And if you need to change or fix something, you just chat with an AI agent, and it makes the changes for you. Today, I'm going to show you a tool that does exactly that. And together, we will look at four real-world workflows. We will build a web scraper that gets the latest prices from Amazon and stores them in a Google sheet. an invoice processor that automatically downloads invoices from my Gmail account, uploads them to Google Drive, and stores all the costs in a Google sheet.
Three, a daily AI news briefing that scrapes the latest AI news from the internet and then sends me a summary email once a day. And lastly, a lead generator that automatically finds email addresses for the latest AI tools and drafts a personalized email to them. We will see how the tool handles navigation, login, and even CAPTCHAs and email one-time passwords. I'll show you all the features and how to use them. And at the end of this video, you will know exactly if this tool is the right fit for you.
My name is Florian Walther and this is the AI tool corner where I review the latest AI software to find out which ones can actually improve our lives and businesses. The tool is called Komos AI, AI agents that learn from watching your work. I'm going to log into my account. Then we get to the dashboard. And here we can set up different AI agents that can do all kinds of work for us.
We could build these agents manually, but the easier way is to use Moss, which is the AI agent. We will build one workflow together from scratch and then I'll just show you the other ones I have prepared. For this first workflow, I want to scrape Amazon.com for the prices of this graphics card RTX 5070. You could use this, for example, to get price alerts when something gets cheaper or to monitor your competitor's prices. We could now chat with Moss via text and tell it exactly what we want to do.
But the even easier way is to record our screen and just show it. So, the mic is configured. We are sharing the screen and I have these floating controls here. So, I can just switch over to amazon.com and then when I'm ready, click start recording and explain what I want the AI automation to do. Let's give this a try.
I want you to go to amazon.com and search for the RTX5070 graphics card. Then I want you to note all the prices for this graphics card by the different manufacturers. So for example here we have Gigabyte, we have MSI, PNY and so on. Ignore duplicates. If we have, for example, Gigabyte two times, I want you to only note them once.
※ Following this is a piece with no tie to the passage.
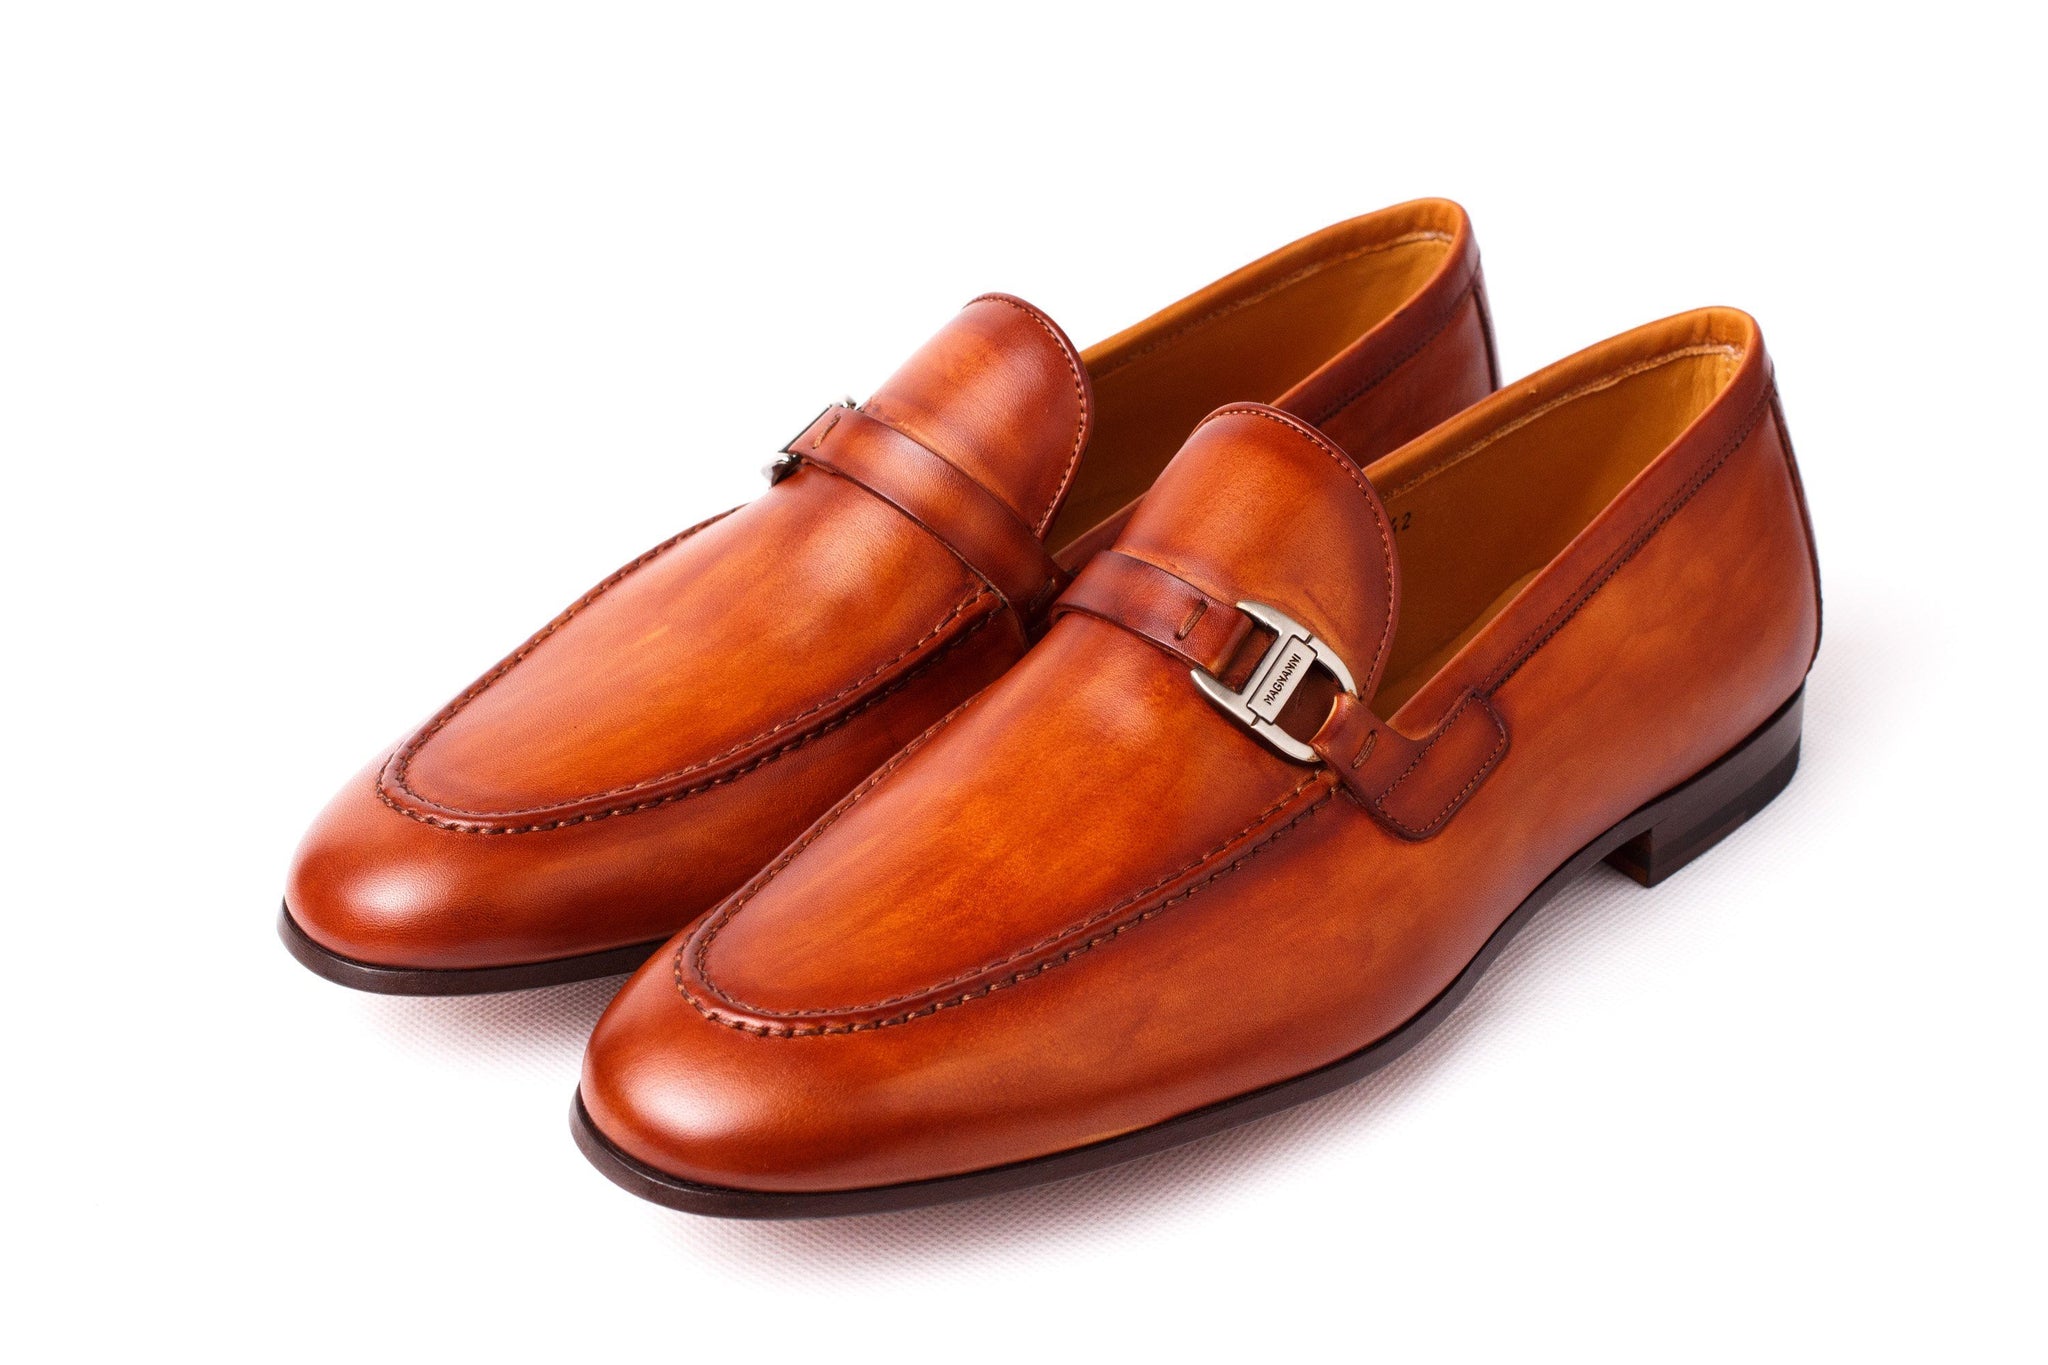 magnanni shoes sale uk

Also ignore any product that's not a graphics card. If there are any other products in here or any combinations like complete PCs, I want you to ignore them. I only need the graphics card and the manufacturer and the price. Do this for the first page and also the second page. So down here you can navigate to page two and again repeat the same process.
Note the prices for all the graphics cards by the different manufacturers. Then I want you to go into this Google Sheets file called RTX 5070 prices. The Google Sheets integration is already set up. So you should have access to this. Open it and then you will find a template in here.
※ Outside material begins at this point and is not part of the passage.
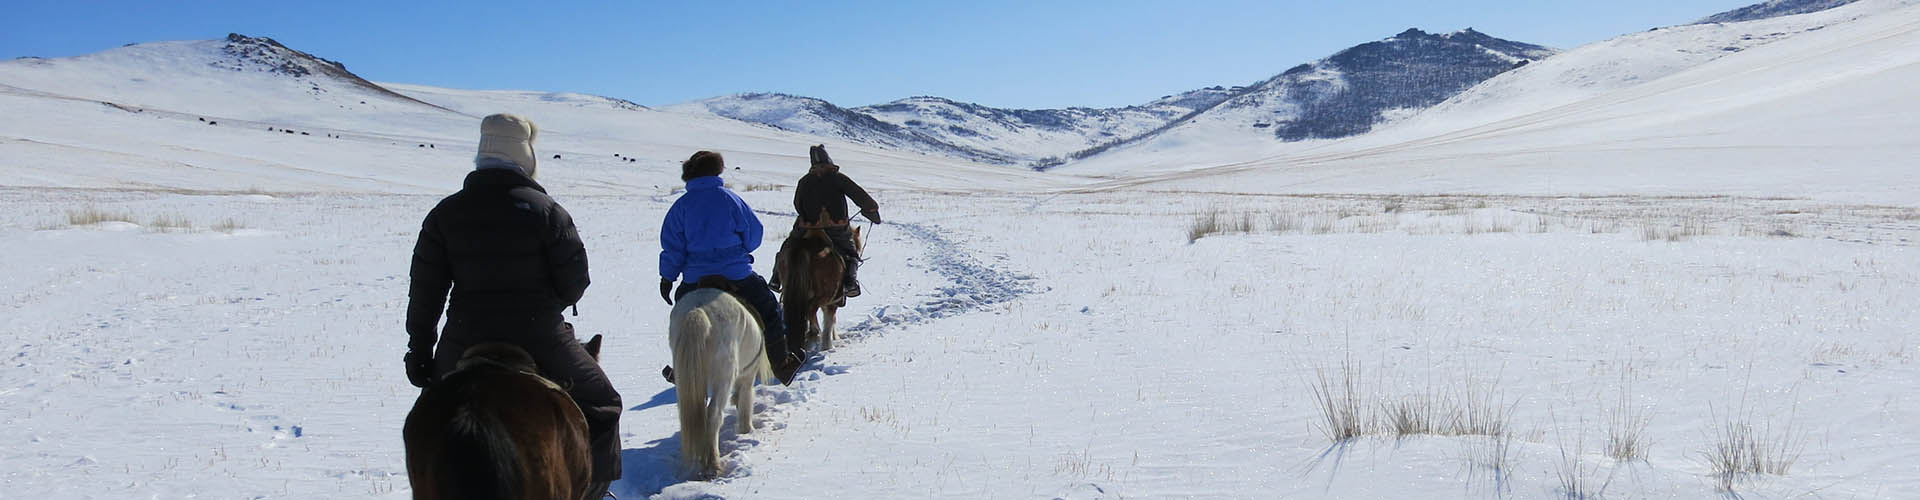 Rando Cheval Mongolie - Voyage, trek et randonnée équestre

Here in the first line, enter the current date and then the prices for the graphics card for all these different manufacturers. So for example, today is the 10th March and then I want you to enter PNY and whatever price the graphics card had on that day. Enter it here in dollar amounts. Do this for all graphics cards that you found, but without duplicates. Do this every day at 8:00 a.m.
And also send me an email to florian@codinginflow.com with the scraped data. If you need any other information from me, just tell me in the chat. When I'm done, I click stop. The max duration for these recordings is 5 minutes at the moment, but this is more than plenty. I didn't even use half of it.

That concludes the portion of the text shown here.